携帯電話が普及して以降、腕時計は必需品でなくなりましたが今でも着用している人は多くいます。スイス製の高級腕時計は変わらず人気があるし、書店には腕時計のMOOK本が並んでいたりします。
腕時計を持つ理由は、便益性やファッション性、社会的なステイタスなど人それぞれだと思いますが、私の場合はその腕時計との出会いに「ストーリー」のようなものを感じると買わずにはいられなくなります。
夢中になった映画の象徴「ハミルトン Odyssee 2001」
子供の頃『2001年宇宙の旅』という映画を見て衝撃を受けました。映し出される宇宙ステーションなどのセットや小道具がとてもリアルでカッコよく、忘れられない映画になりました。この映画の中で宇宙飛行士が付けている腕時計は、アメリカの時計メーカーHamilton(ハミルトン)が製作した小道具ですが、1968年の映画公開から40周年を迎えた2008年に全く同じ形の腕時計が発売されました。しかしそれ以前、映画の公開と同時に発売されたモデルがあります。それが「Odyssee 2001」です。
こちらは正式に映画会社からライセンスされたものではないので、発売するための苦心が商品名に見られます。『2001年宇宙の旅』の原題は『2001 a space Odyssey』ですが、商品名は「Odyssee 2001」です。単語の順番を替えているだけでなく、よく見ると『Odyssey』が「Odyssee」になっています。
大人になって映画を見直したことをきっかけにこの腕時計のことを知り、探し回ったあげくようやく海外のオークションサイトで購入することができました。当時のスペースエイジっぽいデザインでとても良い雰囲気です。
子供の頃に夢中になった宇宙映画。そこから生まれた腕時計。その存在を知って手にした時、それが私の中でひとつのストーリーになりました。
「SEIKO スピリット」に感じるそれぞれのスピリット
ある時、ヤフオクで素敵な時計を見つけました。SEIKOの「スピリット バイ パワーデザイン プロジェクト」です。シンプルだけどボリューム感があり、懐かしいけど現代的。見慣れた感じだけど、よく見るとどの時計にも似ていない。私は一目で好きになりました。

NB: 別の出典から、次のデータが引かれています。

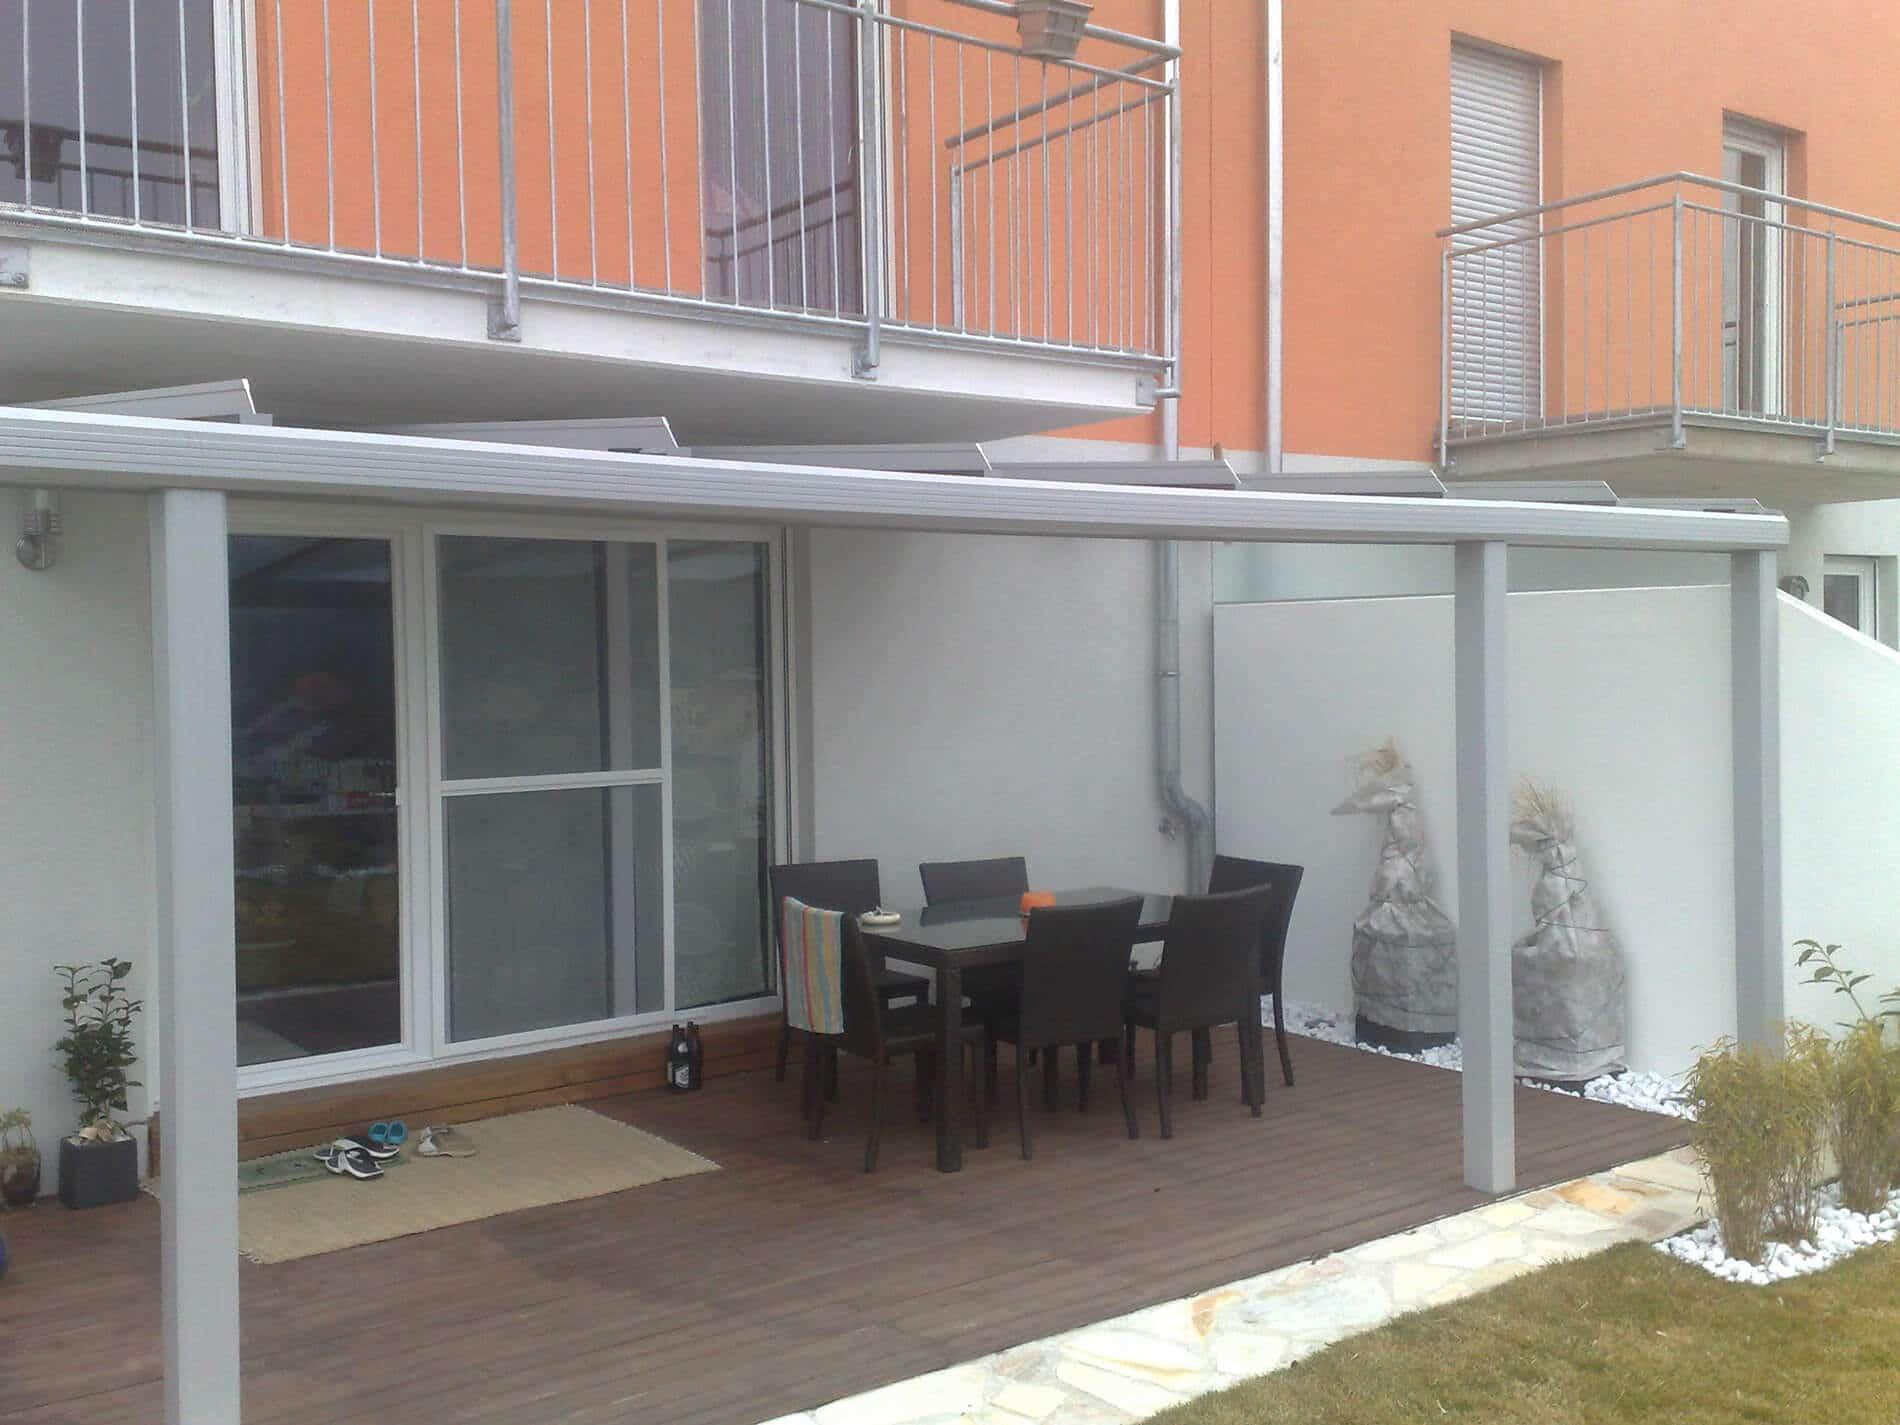 Terrassenüberdachung Glas Preis

調べてみると、私の好きなプロダクトデザイナー深澤直人さんがデザインしたものでした。一目惚れしたモノが好きなデザイナーの作品だと分かる。当然といえば当然のことなのですが、自分の目がブレていないことが確認できて嬉しくなり、私は同じタイプの色違いを2つとも落札してしまいました。

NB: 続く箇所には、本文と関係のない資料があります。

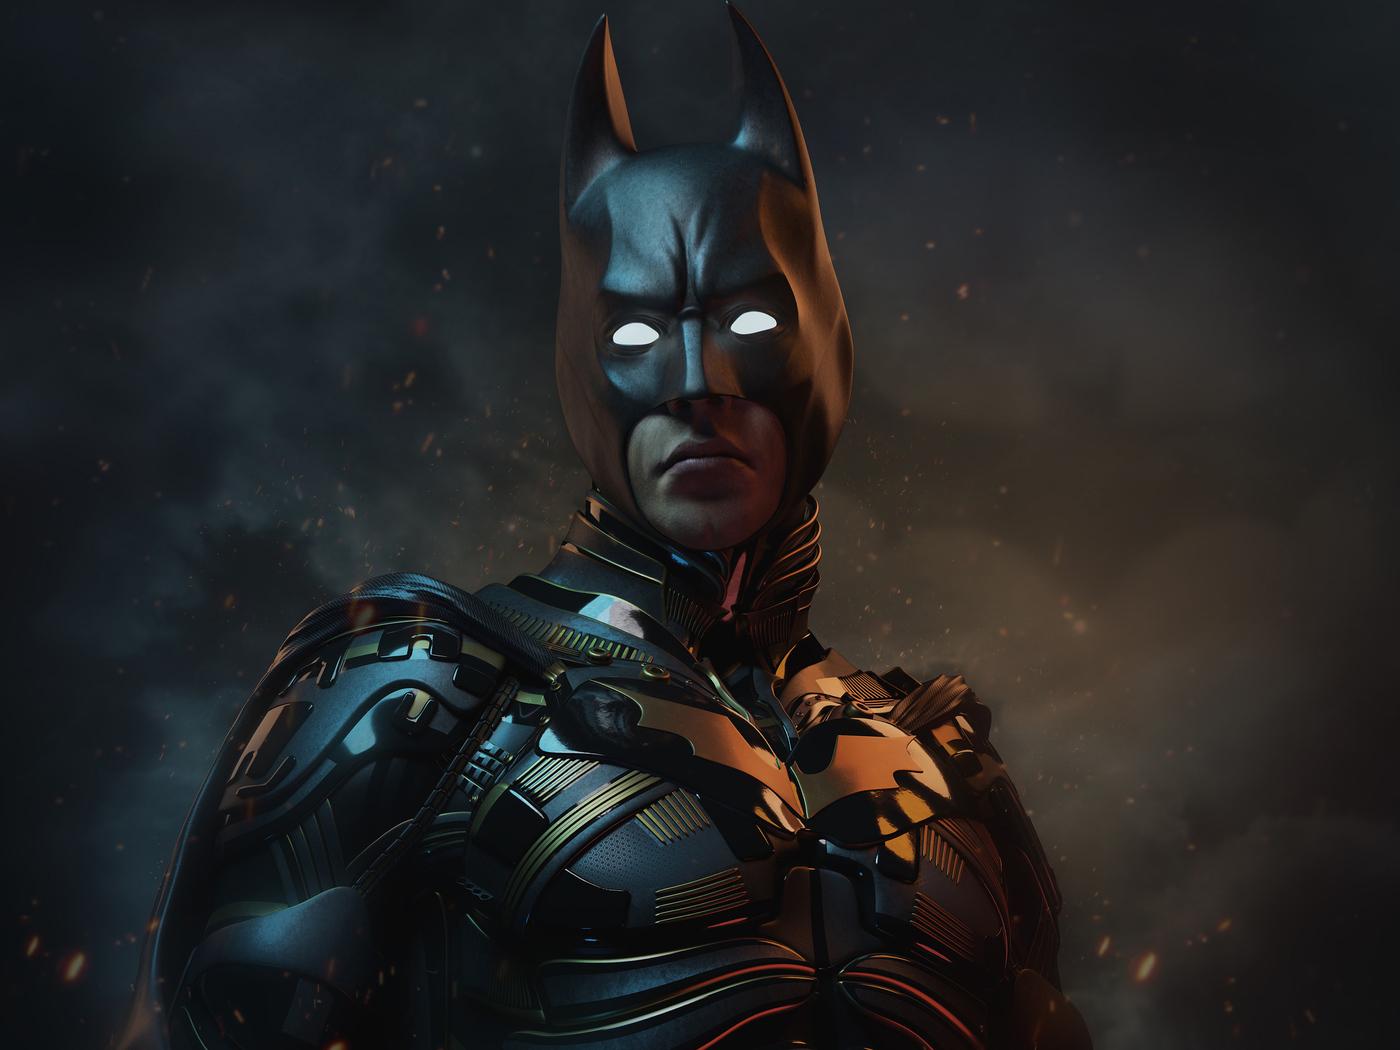 batman-as-christian-bale-4k-2i.jpg

深澤直人さんのプロダクツは無印良品や±0(プラスマイナスゼロ)といったブランドでも良く知られています。かつて手掛けたauのINFOBARも人気の高い製品で、私自身それまでの携帯電話にはなかった楽しい色や形に惹かれたファンのひとりです。
その深澤直人さんとSEIKOのデザイナーによる創作活動が「セイコー パワーデザインプロジェクト」です。時計と並んでこのプロジェクト自体もグッドデザイン賞を受賞しています。
深澤直人さんは『バウハウスってなあに?』というバウハウス入門絵本を推薦していますが、自身のモダンでシンプルなデザインはやはりバウハウスの影響を大きく受けているのだと思います。バウハウスもまた私の憧れであり、写真集を買っては眺めています。

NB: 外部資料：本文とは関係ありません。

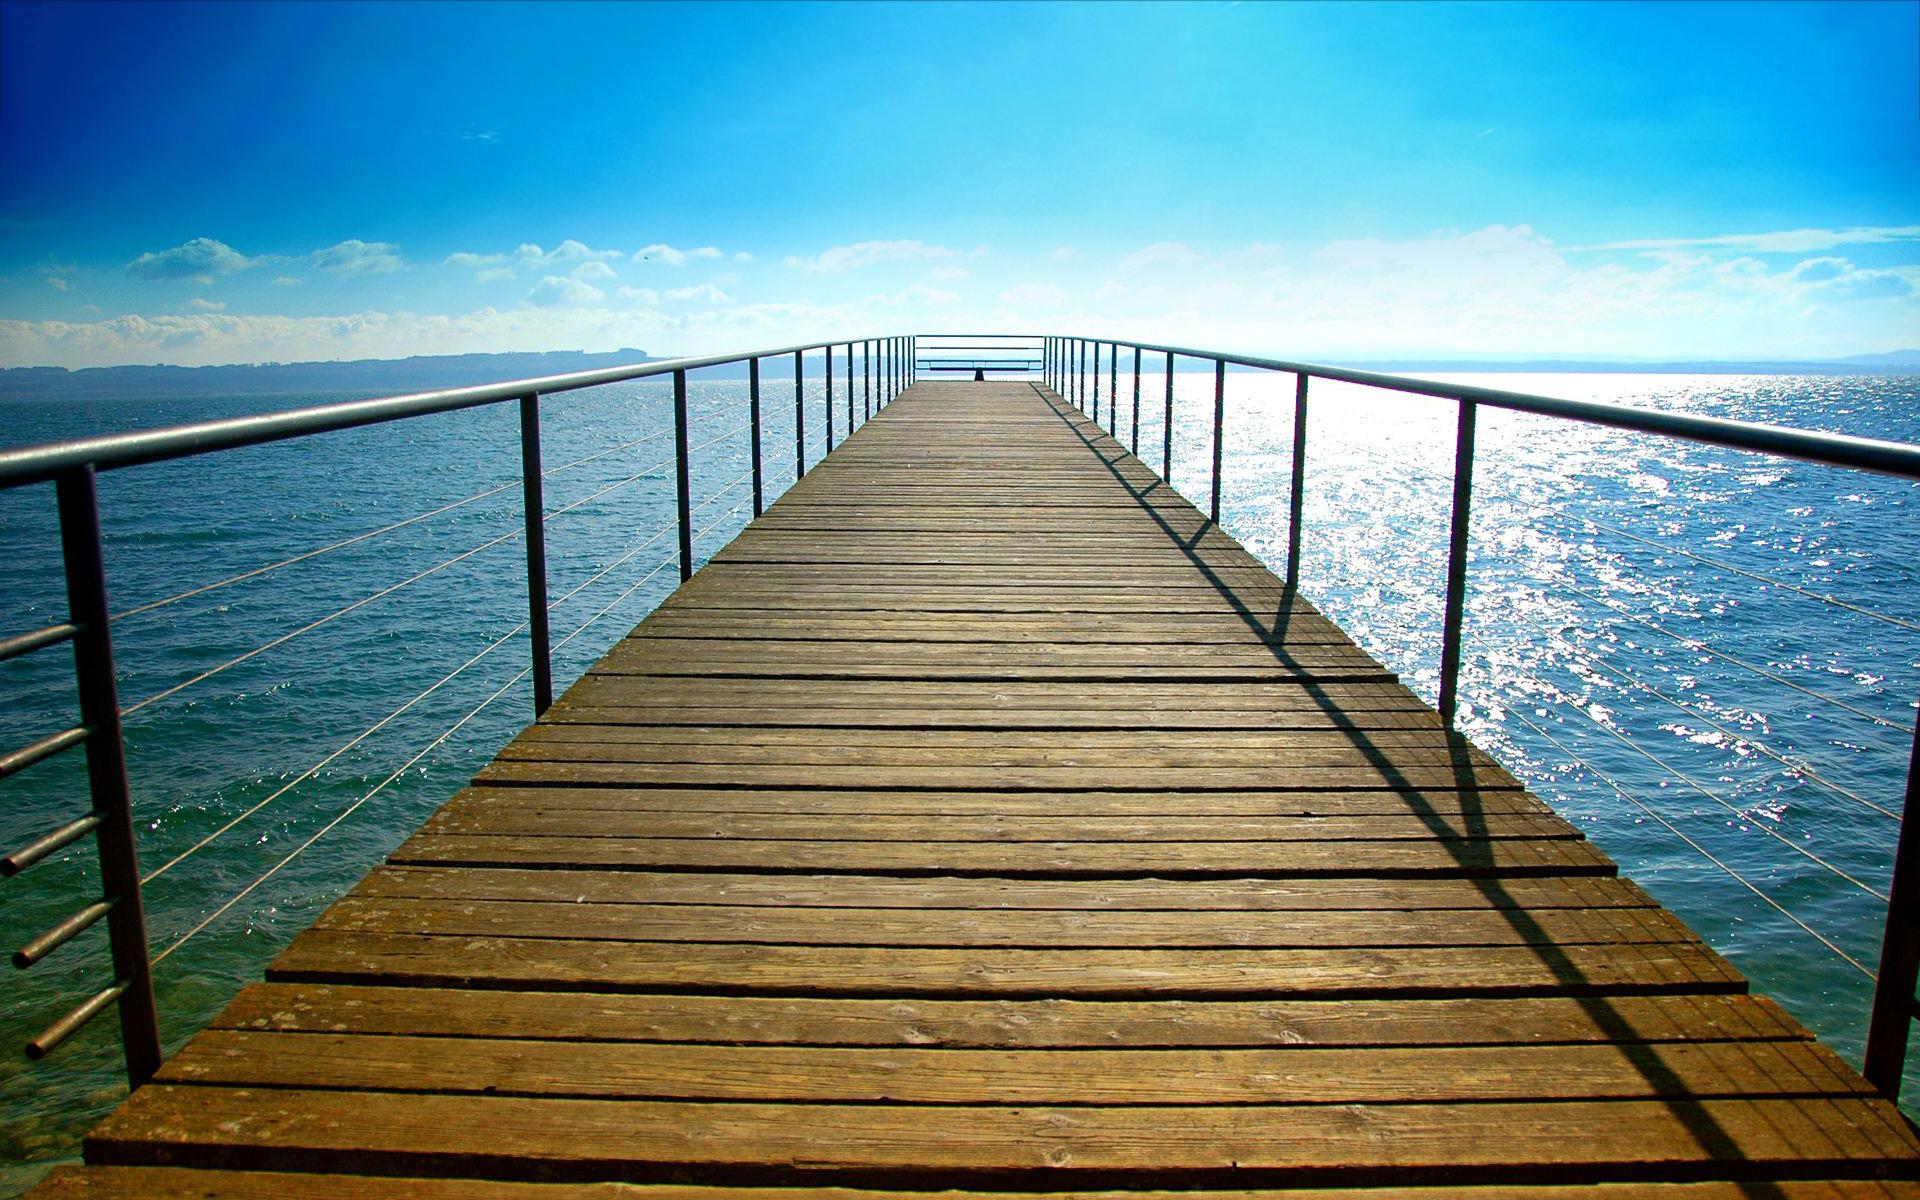 Sunny day lake bridge

100年前のドイツの創作スピリットは時間と大陸を超えて受け継がれ、深澤直人さんとSEIKOによってひとつの腕時計となり、私はそれを見つけることができました。そして私はこの腕時計を毎日身に付けています。これが私にとってのこの腕時計のストーリーです。
偶然がストーリーになる
1990年代の終わりにGoogleが登場して、多くのものを“検索”で見つけることができるようになりました。生活用品も流行も友達も検索して探すことができます。昭和生まれとしてはそんな状況にしっくりこないことも多々ありますが、昔好きだったものや気になったことを“検索”したことで「ハミルトン Odyssee 2001」と「SEIKO スピリット」を見つけ、さらに自分だけのストーリーができました。
深澤直人さんがデザインを手掛ける±0の家電や雑貨は、「子供にとっての玩具のように大人が日々の生活の中で楽しめるモノ、ちょっとした幸せを感じられるモノ」がコンセプトだそうです。また、現代はモノの価値が便益性ではなく、その製品やブランドが持つ「意味」や「ストーリー」に変化しているとも言われています。まさに「ハミルトン Odyssee 2001」と「SEIKO スピリット」は私にとって「日々の生活の中で楽しめるモノ、幸せを感じられるモノ」であり「ストーリーがあるモノ」です。